1 Description of the system
Before going into detail about how the Commission’s MT system resolves the problem of multiple meanings, we would like to provide some information about the structure of its dictionaries and the translation process followed. The system has two main types of dictionaries: Stem dictionary: This essentially contains entries coded independently
of their linguistic context. Stem dictionaries were initially bilingual but when the number of language pairs increased, a mono-source/multitarget approach was preferred. The Stem dictionary of each source language contains basic syntactic information on a word, information required for homograph resolution, syntactic and semantic codes and,
finally, its translation in all target languages of the system. Syntactic codes are used to specify the part of speech a word belongs to and help in the correct analysis of the source text. Semantic codes can be applied on any part of speech but are mostly used on nouns. They give a rough categorisation of the word or expression and are also mostly used during analysis. The ones most widely used are HUMANS and GROUPS. Other examples of semantic codes are CITIES, MONTHS, ANIMAL, PROPTY (property), COLOUR, etc. IDLS (idiom/limited semantics) dictionary: This contains expressions which determine the translation of a single word or an expression
according to the syntactic and semantic context it appears in. There are five types of entries which can appear in the IDLS dictionary. The most frequent ones are idiom replaces, SLS (Straight Limited Semantics) and CLS (Conditional Limited Semantics). Idiom replaces are usually prepositional, conjunctive or adverbial phrases such as with respect to, in order that and in the long run. Once an expression is coded as an idiom replace, it is treated as one word which has the advantage that the string is never misanalysed as having some other syntactic function and its meaning in the target language is easier to find. The SLS feature assists the coding of noun phrases (often technical terms) and facilitates the resolution of homographs by allowing developers to attach a different translation to some words when they appear in a certain string.

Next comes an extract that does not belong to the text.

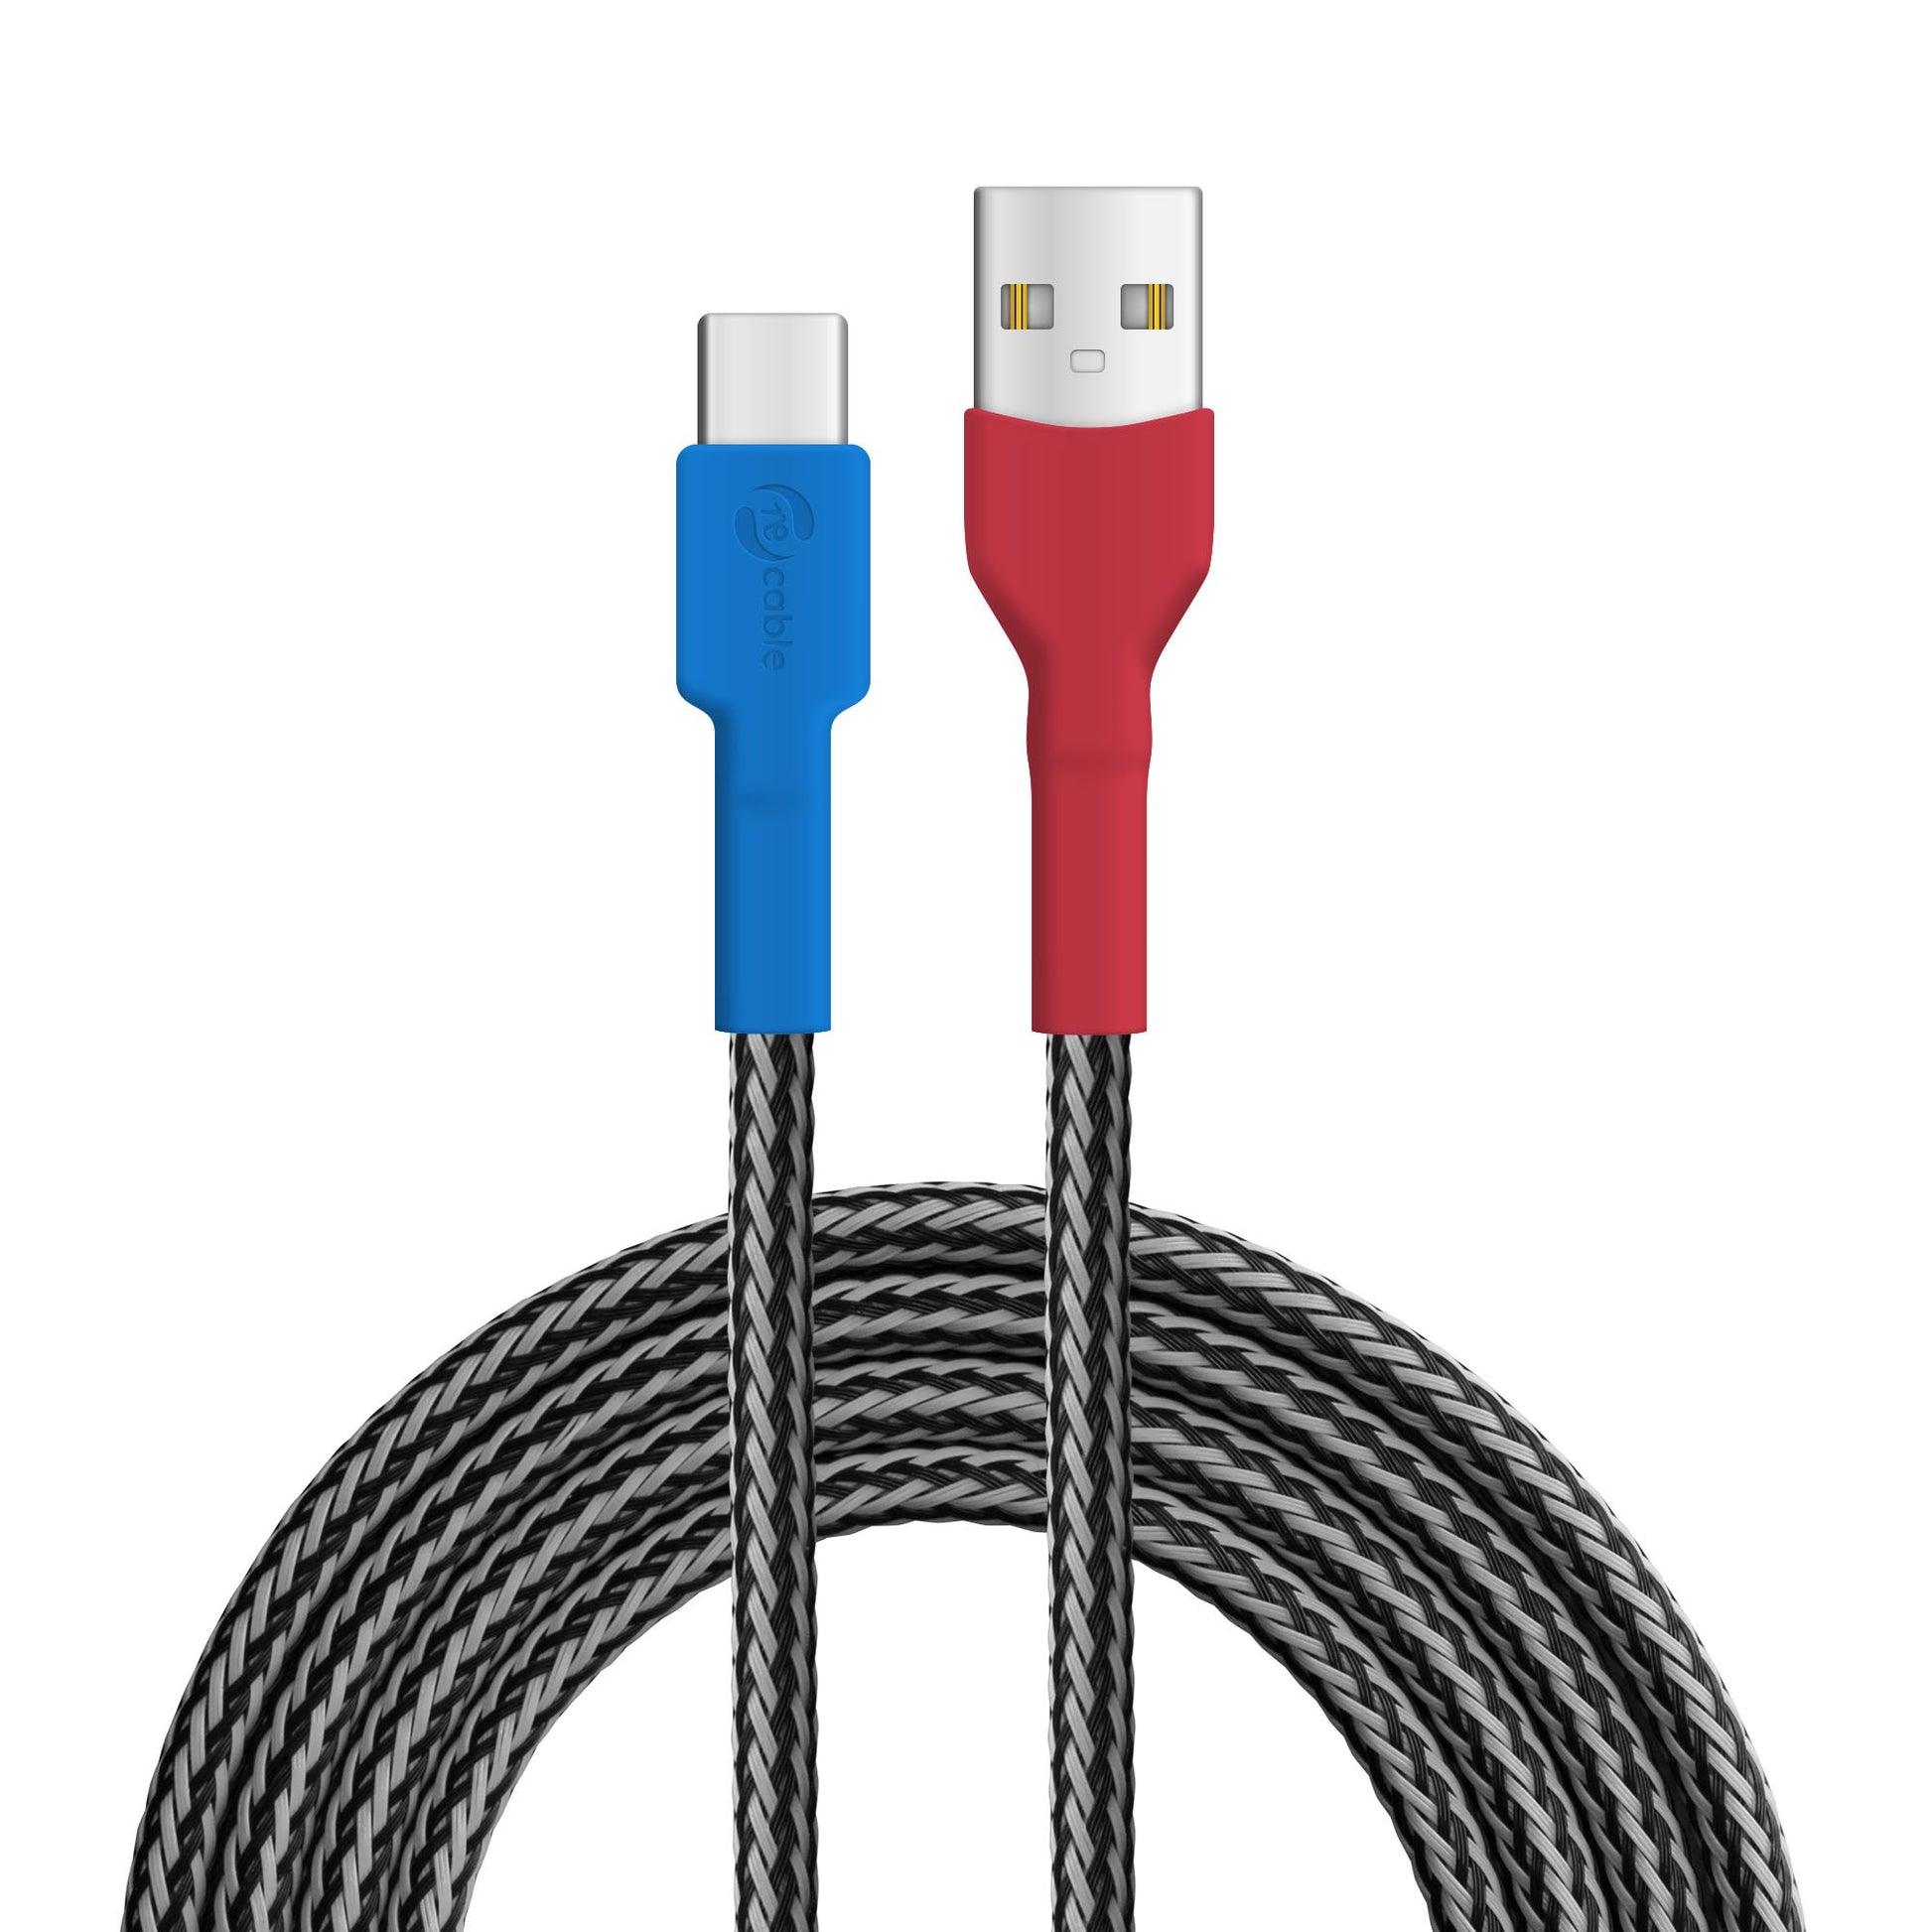 USB Kabel, Design: Helmkasuar, Anschluss: USB A auf USB C

For example, an SLS rule would allow us to translate the expression power station as centrale in French. CLS rules are another very powerful feature for covering exceptions to the default meaning provided in the Stem dictionary. Their flexibility allows the developer to specify in exactly what context the rule should apply, to examine the rest of the sentence for certain conditions and so on.
2 Translation process
In order to explain a bit more about how the dictionaries are used we will very briefly describe the translation process the system goes through, concentrating mainly on when the dictionaries are accessed and when rules are applied. It should be borne in mind that the source text istranslated sentence-by-sentence and that the translation procedure has
three main stage : analysis, transfer and synthesis.

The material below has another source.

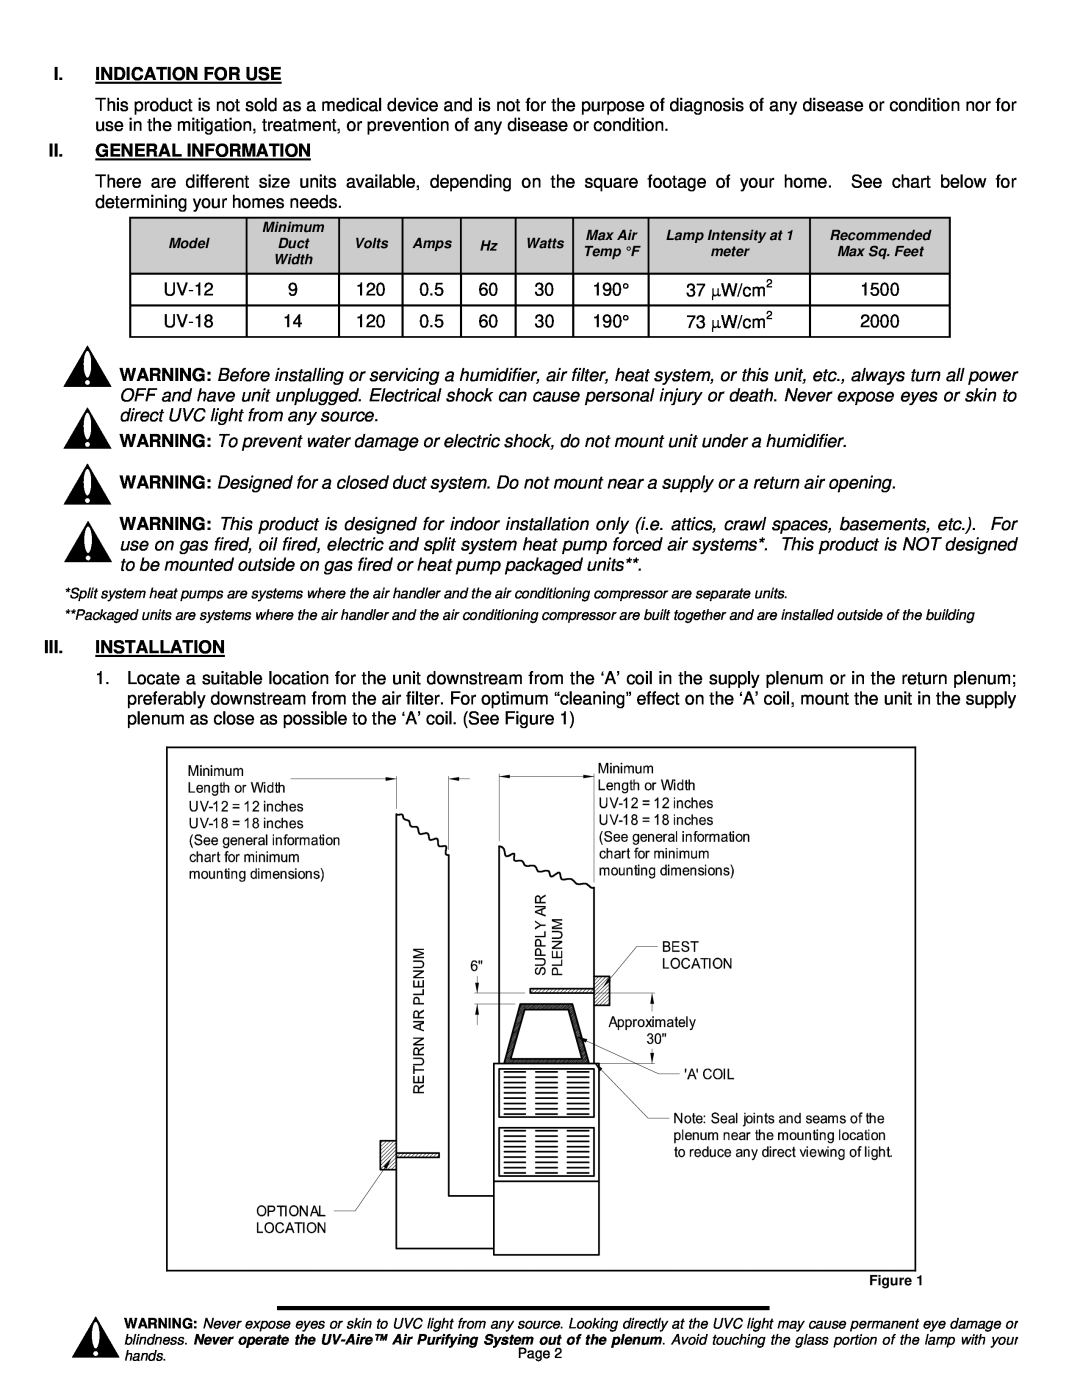 Field Controls UV-18, UV-12 installation instructions I.Indication For Use, Ii.General Information, Iii.Installation

In a nutshell, when a text is received by the system, it is first passed through a set of pre-processing routines which serve to identify sentence boundaries and separate the text from any formatting information, thus turning it into a suitable format. The system then proceeds to access the Stem dictionary, compare every word in the text with the entries existing in the Stem dictionary and retrieve as much information as possible
about the source -language terms. This process is called main dictionary look-up. The information acquired will be subsequently used in order to establish relations between words at the analysis stage. Next, the analysis stage starts. During analysis the system is above all concerned with obtaining enough data about the source language and does not yet actually translate into the target language. The first step of the analysis phase is an attempt to resolve any homograph problems. Several routines are available for this purpose. During the next stage of analysis, the system tries to establish the main syntactic relationships between words. To do this the system uses any information acquired by the main dictionary look-up and passes each sentence through many programs and sub-routines, each dealing with a particular relationship (subject-predicate, co-ordinated lexical items, deep structure relationships and so on). Several passes are required for this phase. The expression dictionary is accessed several
times throughout the analysis, the system looking for matches between terms in the source text and its own entries. In contrast with the analysis stage, the transfer stage is bilingual and therefore different for every language pair. On a lexical level, the uniterms and expressions identified previously are now translated, but not in their final form. Source-language prepositions are also translated according to the context they appear in. Finally, structural transfer is achieved by means of small programs called lexical routines. These refer either to particular source-language words or to particular
structures. The final stage of the translation process is synthesis. By now all source language words have received their equivalent in the target language. Synthesis deals with morphological inflection, the insertion of articles, prepositions, particles and auxiliary verbs and the rearrangement of words in an order permissible by the syntax of the
target language. These goals are achieved by synthesis programs. After the text has been translated, it is returned to the original page format by post-processing routines.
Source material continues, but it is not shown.